読書」カテゴリーアーカイブ

『場末の酒場、ひとり飲み』

藤木TDC『場末の酒場、ひとり飲み』(ちくま新書 2010)を読む。
フリーライターの著者が、東京都内をあちこち出歩き、得意分野でもある昭和の面影を探しに出かける。
タイトルにもある「場末」について、著者は次のように述べる。

ロードサイドの家族向け大型店と「場末」の概念はまったく相反するものだ。
ロードサイド店には笑顔あふれた家族が自家用車でやってくる感覚があるが、「場末」は孤独な男、それも徒歩で、無粋なしかめっ面の中年が訪れるというイメージだ。ロードサイド店は必ずや豊かで建設的な幸福感を世界観として抱えているが、「場末」はどこか破滅的で不幸せな翳りがある。

そうした「場末」を求めて、都営新宿線瑞江駅、大田区六郷土手付近、舎人ライナー舎人駅、そして究極の場末である東武線鐘ケ淵駅周辺まで足を延ばす。著者は、「場末」を求める心根には、孤独の時間に酔う静寂な空間と時間を希求する人間性があると述べる。再開発やチェーン店の進出などで、「場末」な酒場は姿を消していく一方であるが、「場末」のカウンターで自分と向き合う時間は、今後ますます価値を高めていくであろう。

『ウラから読むとおもしろい世界地図』

おもしろ地理学会編『ウラから読むとおもしろい世界地図』(青春出版社 2004)を読む。
「リオ・デ・ジャネイロ」の地名の由来や、パリの町が丸い形になっている背景、イスラム圏の国旗の謎など、地理にまつわる蘊蓄が語られる。一昔前に駅のキオスクやコンビニで売っていたような軽妙な語り口の教養文庫である。
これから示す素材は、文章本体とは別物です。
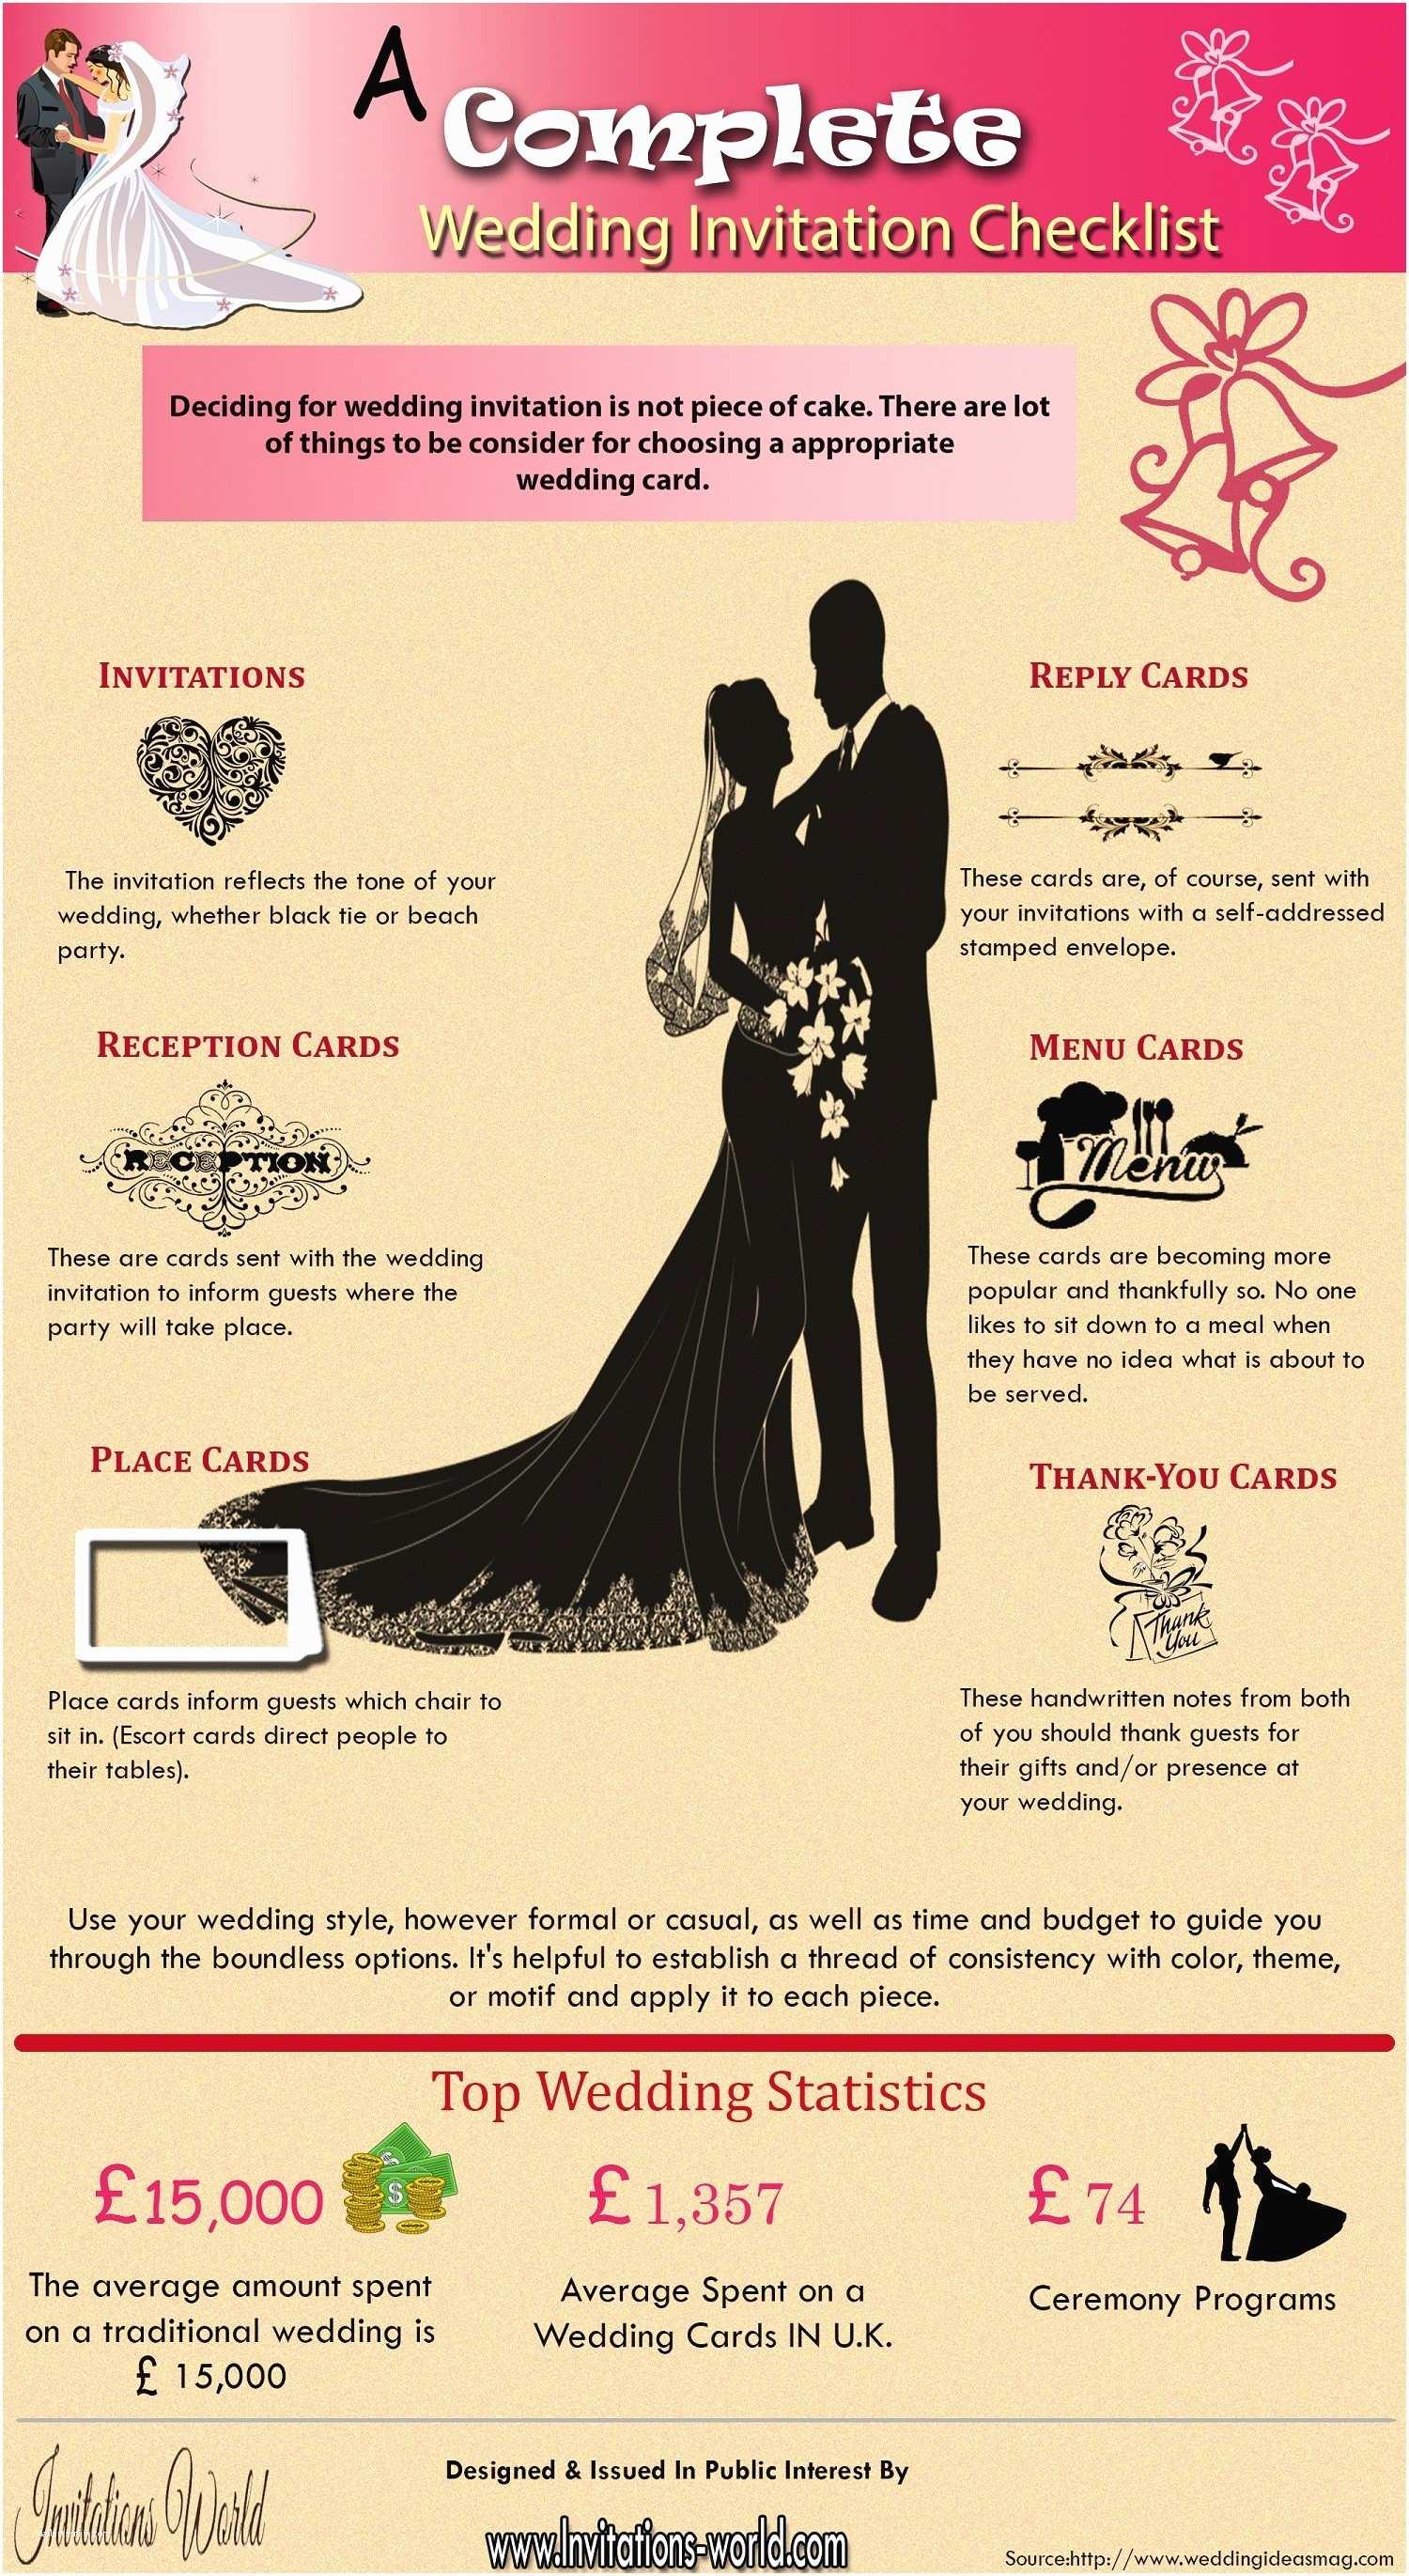 Wedding Invitation Checklist A Plete Wedding Invitation Checklist

興味をそそるような蘊蓄を交えて授業を行ってみたいものである。
地図帳片手に、国の細かい位置や、人口、経済力の統計などと見比べながら読んだので、読み終えるのに3時間たっぷりかかってしまった。しかし、だいぶ国や都市の名前がすらすらと記憶から取り出せるようになってきた。

『デンマーク人のまっかなホント』

ヘレン・ディルビー、スティーヴン・ハリス、トーマス・ゴールセン『デンマーク人のまっかなホント』(マクラミン ランゲージハウス 2000)を読む。
地誌学の勉強の一環として手に取ったみたが、勉強という観点からはあまり意味のない本であった。
環境への意識や、平等性、福祉国家など、日本と価値観を共有しそうな国であるが、ドイツとスウェーデンの両大国にぎっちりと挟まれ、知育玩具のレゴと童話作家アンデルセン以外、日本ではどうしても馴染みの薄い国である。
日本では2000年の発行であるが、原本はかなり古そうな内容を含んでいた。訳出もあまりこなれておらず、日本との距離を一層感じることとなった。

『世界遺産のミステリー』

ロム・インターナショナル編『あなたの知らない世界遺産のミステリー:あの遺跡・建物・都市に秘められた不思議な謎話』(河出書房新社 2004)を読む。
ピラミッドや万里の長城、マチュ・ピチュ、カッパドキア、ポンペイなど、定番の世界遺産ミステリーを取り上げ、成立や滅亡の謎を紹介している。宇宙人や超古代文明といったオカルト的な文脈に流されることなく、観光ガイドの範疇の中で魅力を伝えている。

ここ何ヶ月か週NHKの『シリーズ世界遺産100』という5分の短編ドキュメンタリーを、帝国書院発行の地図帳で国情や環境を確認しながら観るという習慣を続けているので、すんなりと国の位置と周辺の地理が出てくるようになった。一寸した自慢。